Integrated Objective

The final policy, $\pi_\text{RL+L+S}$ , is trained by combining the standard PPO loss for environmental rewards, the supervised listening loss $L_L$ , and the PPO loss incorporating the speaking reward $r^s_t$ , along with the KL regularization and world modeling loss.

$L_\text{RL+L+S} = L_\text{RL} + \lambda_\text{L} L_\text{L} + \lambda_\text{S} L_\text{S} + \lambda_\text{NL} L_\text{NL} + \lambda_\text{WM} L_\text{WM}$

where $L_S$ represents the PPO loss component derived from the speaking reward $r^s_t$ , and $\lambda$ terms are hyperparameters balancing the different objectives.

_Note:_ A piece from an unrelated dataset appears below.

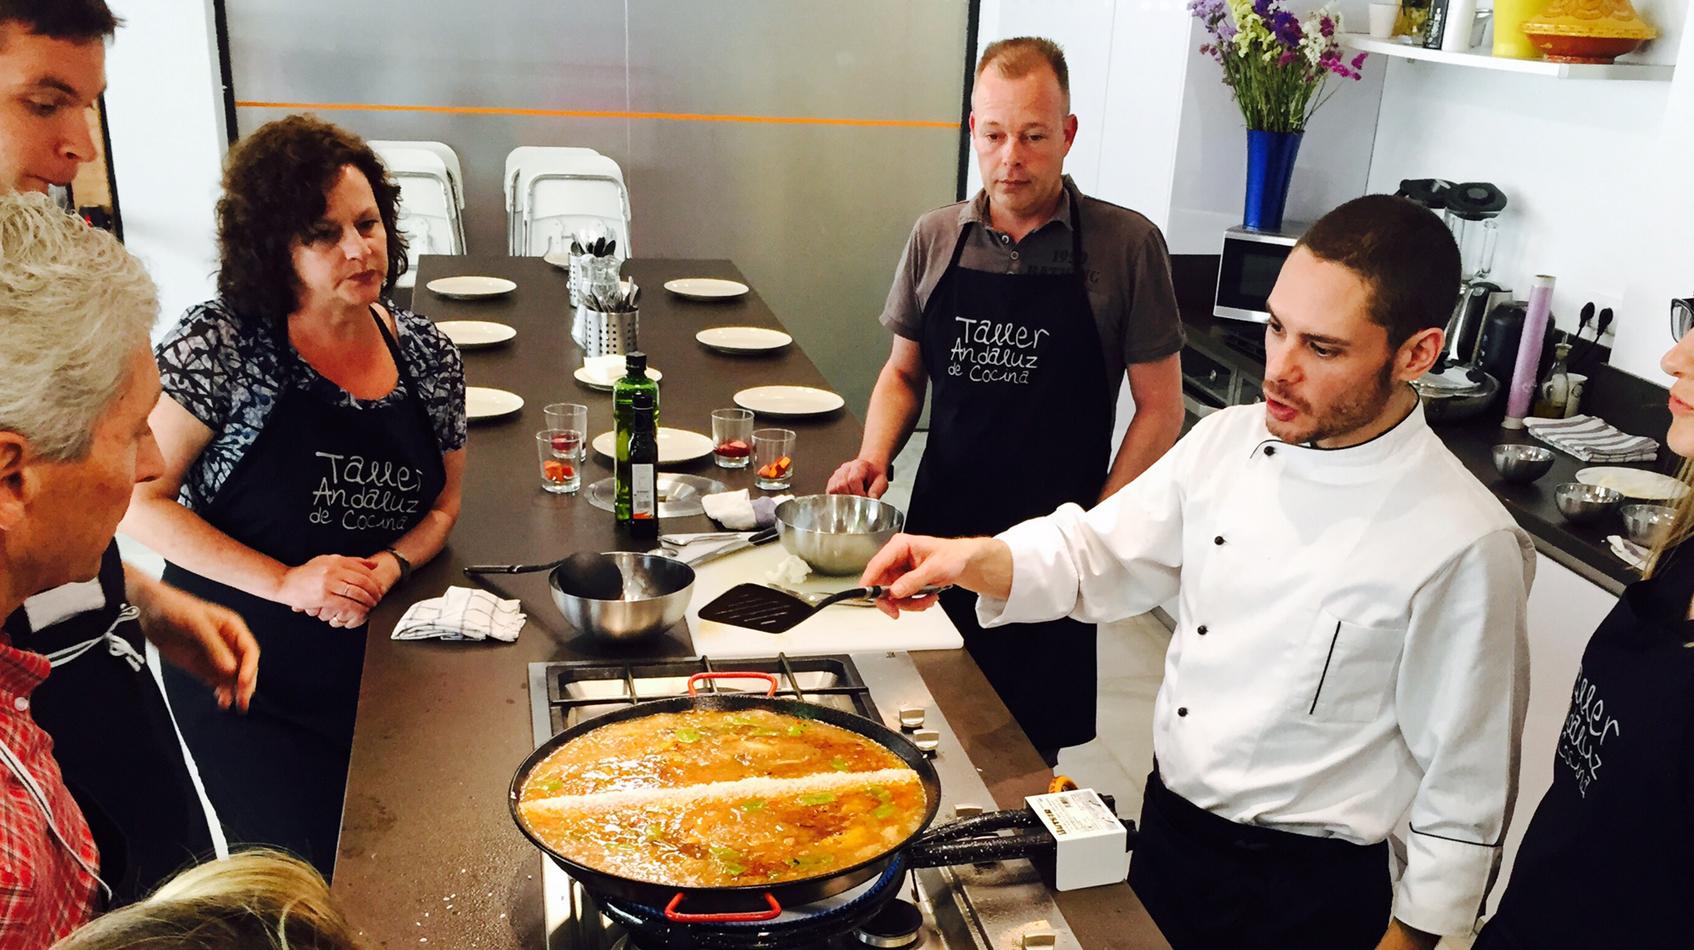 Taller-Andaluz-de-Cocina-class-©-Taller-Andaluz-de-Cocina

Role of Dense Reward Signal

The prediction of the imposter's identity serves as a crucial dense reward signal. Standard MARL in such settings often suffers from sparse rewards (win/loss occurs only at the end of an episode), making credit assignment difficult, especially for communicative actions whose benefits are indirect and delayed.

By contrast, the belief-based signals provide immediate feedback:

Listening: The $L_L$ loss provides frequent supervised signals during the game, guiding the agent to extract relevant information from observations and dialogue.
Speaking: The $r^s_t$ reward provides immediate reinforcement after each message, directly correlating the message content with its effect on teammates' critical beliefs ( $p(q|\tau)$ ).

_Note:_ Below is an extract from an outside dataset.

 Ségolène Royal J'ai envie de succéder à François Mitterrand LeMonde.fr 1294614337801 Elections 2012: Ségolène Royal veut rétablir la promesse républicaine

This grounds the natural language communication in the underlying game objective, pushing agents to produce strategically relevant utterances rather than just syntactically correct text.

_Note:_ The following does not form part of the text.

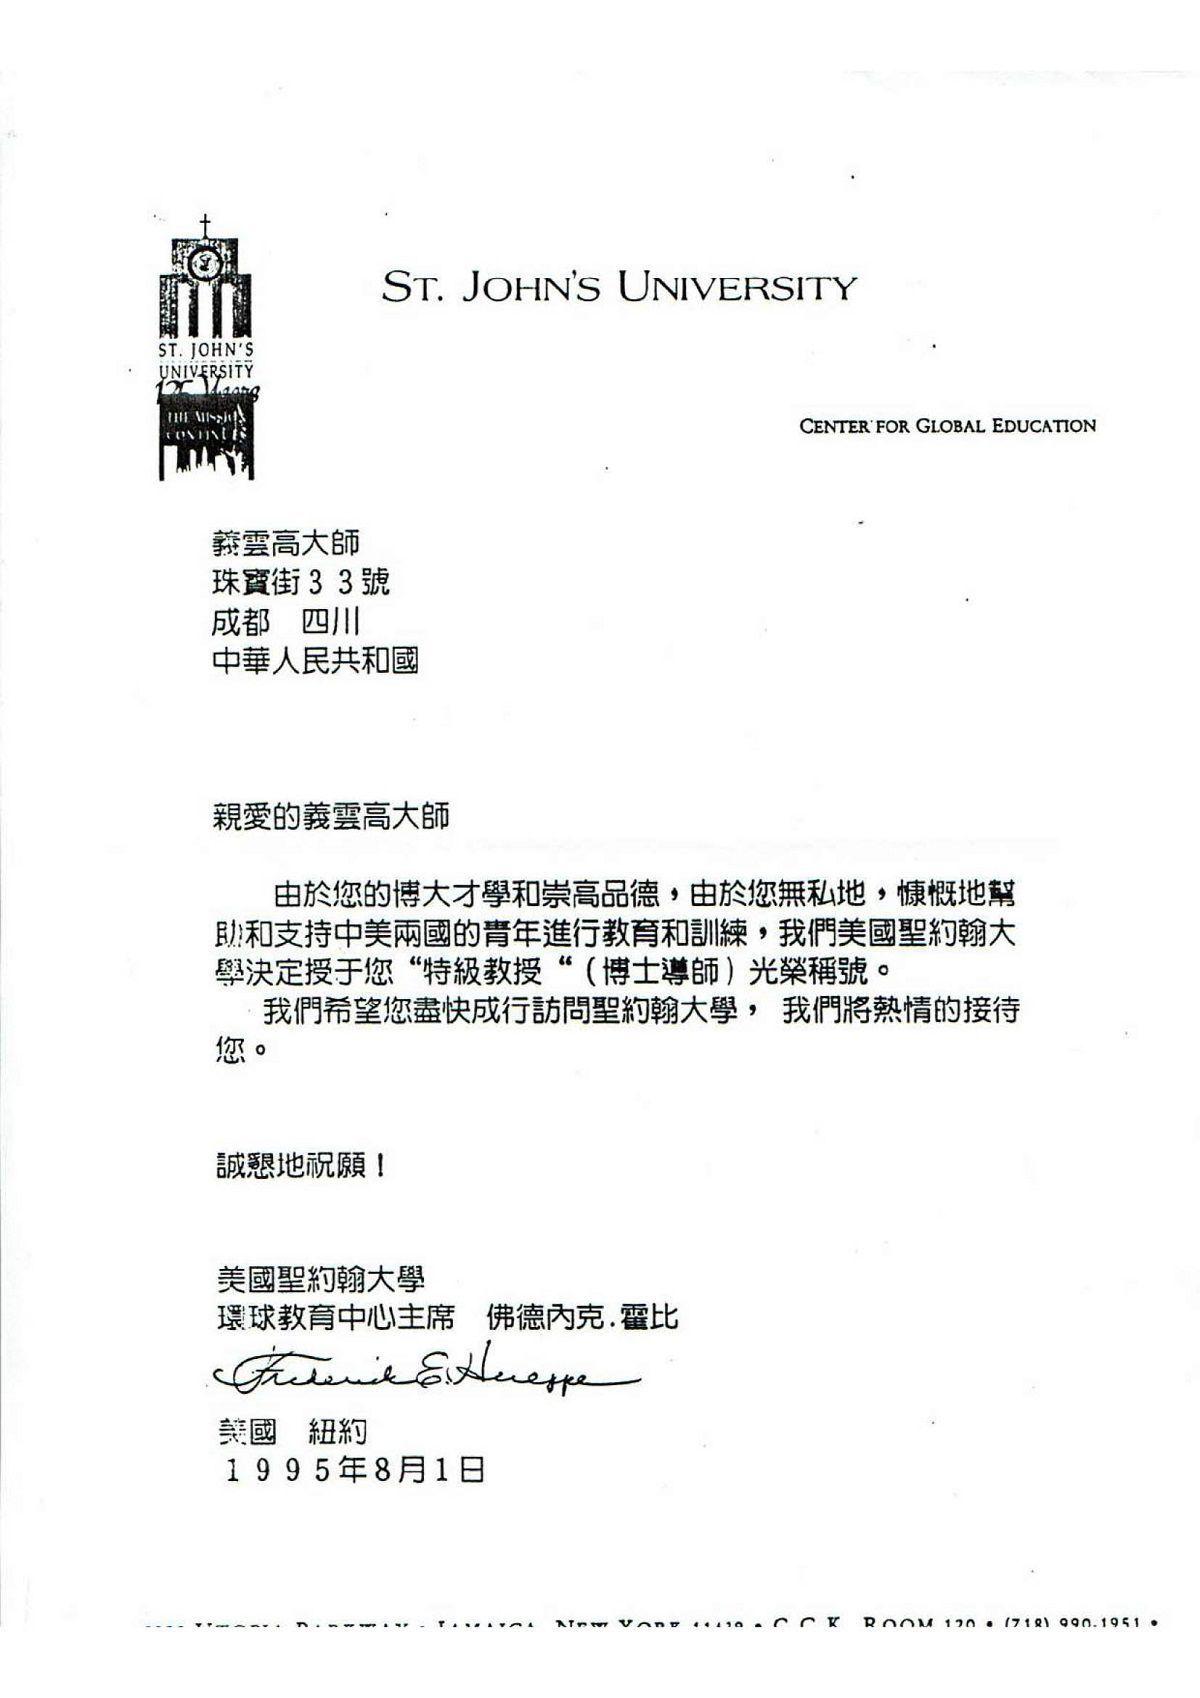 美國聖約翰大學授予H.H.第三世多杰羌佛「特級教授」(博士導師)光榮稱號

Experimental Validation and Results

The framework was evaluated in a custom 2D grid-world environment inspired by Among Us. Agents navigate, perform tasks, report bodies, engage in free-form text discussions, and vote. The environment simulates partial observability, task dependencies, kill mechanics, and voting dynamics.

Performance Metrics

Base LLMs (RWKV 1.5B, 7B) without MARL training achieved low win rates (<20%).
Standard PPO ( $\pi_\text{RL}$ ) improved performance but struggled with the deduction aspect.
Adding the listening loss ( $\pi_\text{RL+L}$ ) significantly boosted the crewmate win rate.
The full model incorporating the speaking reward ( $\pi_\text{RL+L+S}$ ) achieved the highest crewmate win rate, approximately doubling the win rate of the standard RL baseline ( $\pi_\text{RL}$ ) and substantially outperforming even larger base LLMs.

Emergent Behaviors

Qualitative analysis revealed the emergence of sophisticated, human-like communication strategies:

Accusations: Agents directly accuse others based on observed behavior or inconsistencies.
Evidence Provision: Agents support accusations with justifications derived from their observations (e.g., "Player Green was seen leaving the room where the body was found"). Agents also learned to sometimes fabricate evidence convincingly.
Imposter Counter-Play: Imposters learned to deflect suspicion, make counter-accusations, and mimic crewmate communication patterns to blend in.

Robustness and Ablations

Iterated self-play with adversarial imposter training resulted in robust crewmate policies, evidenced by a rapidly narrowing exploitability gap against evolving imposter strategies.
Ablation studies confirmed the significant contributions of both the listening loss ( $L_L$ ) and the speaking reward ( $r^s_t$ ) to the final performance. The listening component ( $L_L$ ) appeared particularly critical for grounding the agents' understanding and enabling effective deduction.

Conclusion

The research demonstrates a viable method for training LLM agents to use natural language communication effectively in complex MARL environments like social deduction games, bypassing the need for human communication data. By decomposing communication into listening (trained via supervised prediction of game state) and speaking (trained via RL with belief-based rewards), and leveraging the imposter prediction task as a dense reward signal, the framework enables agents to develop robust and strategically relevant communication behaviors, leading to significant performance improvements over standard MARL approaches.